# 2002 2.5 ALTIMA, AFTER RUST PROOFING, WOULDN'T START?



## shynepo3 (Apr 18, 2005)

Hi...I'm not good w/ cars, so please don't laugh....anyways, I recently rust proofed by 2002 Nissan Altima 2.5S....at Krown. After it was done, everything seemed fine. The next day, the wife took the daughter to school, and while she was leaving the school, the car wouldn't start. Being that this has never happened in the 8 mths we've had it, so we automatically assumed the rust proofing screwed it up.

So we called a tow truck driver, who then proceeded to try to start it himself. No luck. He lifted the hood, checked a few things, said everything looked fine, and put the car in neutral. VOILA, the car started. It now has been 5 days since then, we have had no issues.

The thing is, I don't want this to happen again. Does anybody know why this might've happened? What I can do to prevent it? Was the rustproofing the cause? Thanks so much for the help, this site has been good to me in the past!


----------



## Coco (Apr 30, 2002)

Check this TSB out. 

http://www.nissanhelp.com/ownership/Bulletins/Nissan/2002/NTB02-083.htm


----------



## shynepo3 (Apr 18, 2005)

great....thanks a lot....but it's not happening anymore.....can i take it into any nissan dealership and show them this tsb? i'm not too bright with this...or do i just go to a mechanice and show them?

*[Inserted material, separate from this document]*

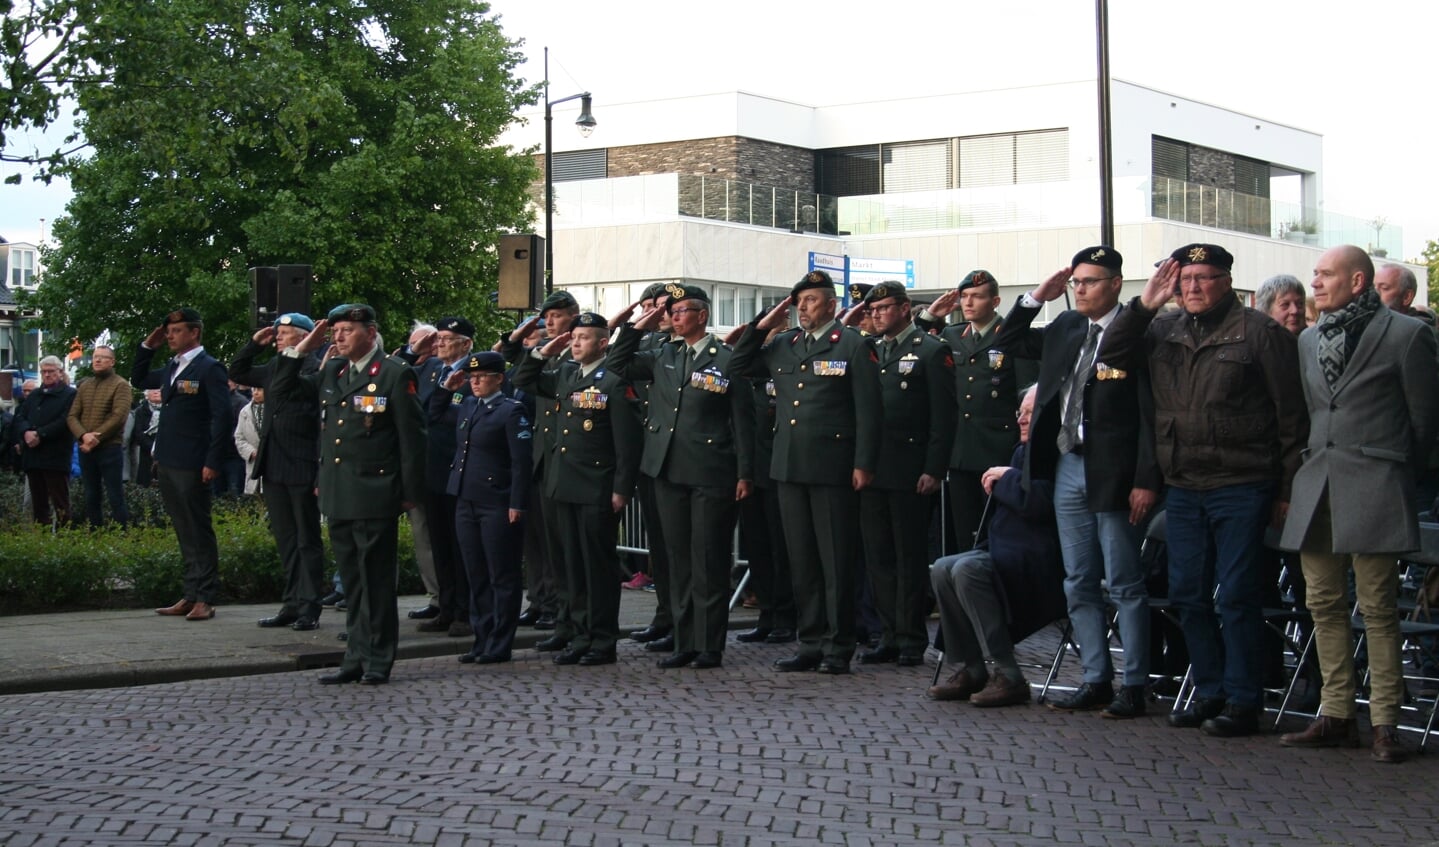 Veteranen waren aanwezig bij de herdenking. Foto: Verona Westera

or should i just leave the way it is unless it happens again???

THANKS SO MUCH!


----------



## WATSON1 (Jul 9, 2005)

I wouldn't suggest waiting until it happens again, it could leave you stranded somewhere. I'm not sure about the TSB, but I would print it out and take it to your dealer and see what comes of it. If it is a problem it needs to be fixed.


----------



## belacane (Nov 9, 2011)

Also, unfortunately a TSB doesn't necessarily mean that Nissan will address your problem for free. I'd check with both your dealer and the place where you had your car rust proofed.


----------